Lastly, we have a reconstruction of Jordan's voice using linear interpolation. Though the audio sounds scratchy, at least we can make out what Jordan is saying. This time, linear interpolation wins! Why? Jordan's voice is low enough, and our samples are fast enough, that we don't experience aliasing. Also, our ears are very attuned to hearing speech even in a noisy signal. So in this example, linear interpolation is good enough for us to hear Jordan's voice.

l1-reconstruction of "NPR", 2200 hz
l2-reconstruction of "NPR", 2200 hz
linear interpolation of "NPR", 2200 hz
This concludes our demonstration of Compressed Sensing on audio.
But wait! If you are curious about how all this works-- there's more! I prepared everything you heard here using Matlab, and here is the code. For Compressed Sensing reconstruction, I used the algorithm GPSR, Gradient Projection for Sparse Reconstruction. The code is available at the link.

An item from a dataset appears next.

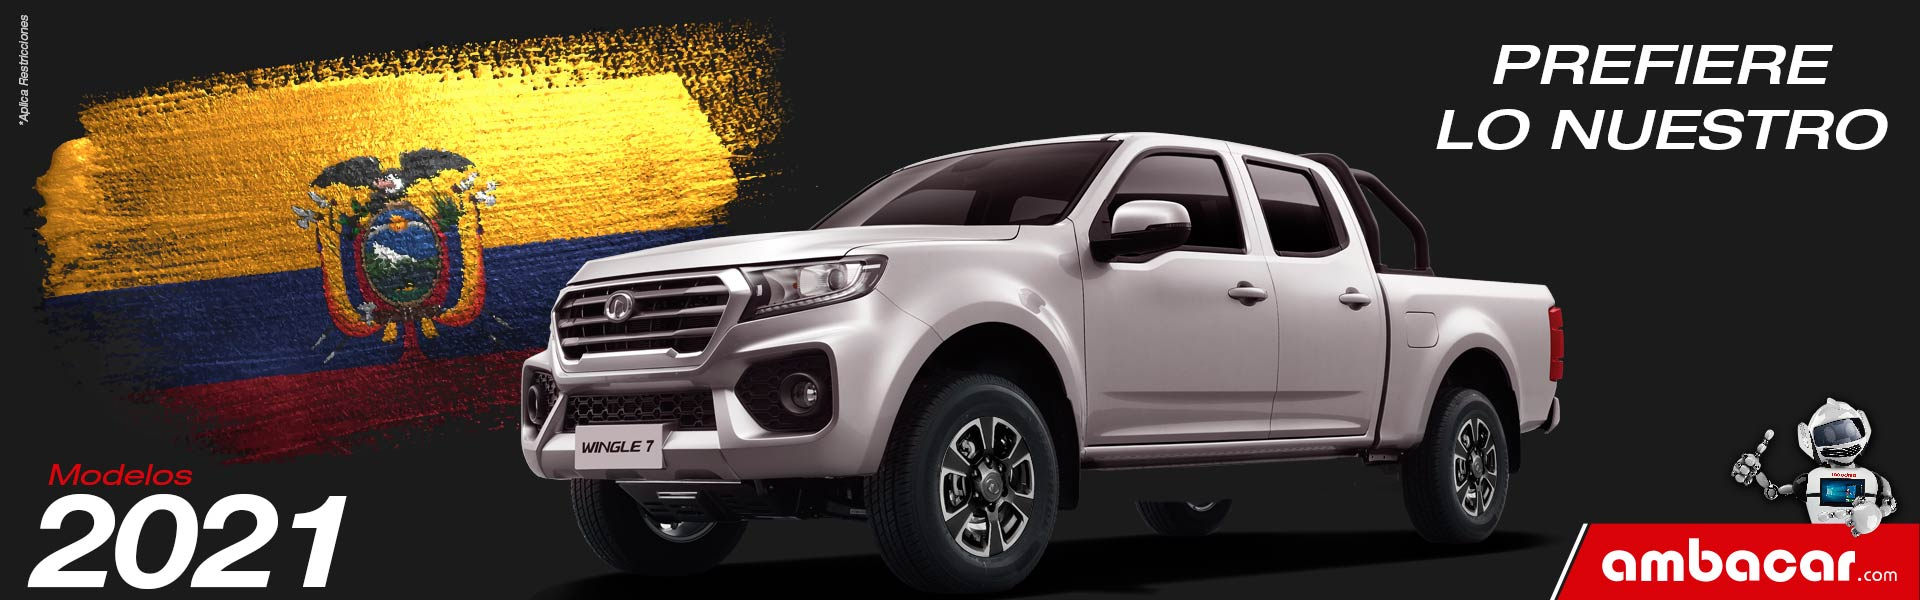 Modelos Ambacar año 2021 Camioneta Great Wall Wingle 7

To first create the basis of our piano notes, run this file:

createBasis.m

Next, to create the song of Mary Had a Little Lamb, run this file:

generateMarySong.m

Next you can use these three files to re-do what I did above for Mary, Scarlatti, and NPR song files. You will need the Scarlatti original song clip and the NPR origianl sound clip in the same directory as these m files. Read the comments to see what sampling rate is being used; at the end of the file, you can give the song files a name to be written to your computer.

maryCS.m
scarlattiCS.m
nprCS.m

Thank you for your interest in Compressed Sensing! If you have any questions feel free to email me, Laura Balzano. My email address is girasole, followed by the 'at' sign, followed by umich.edu.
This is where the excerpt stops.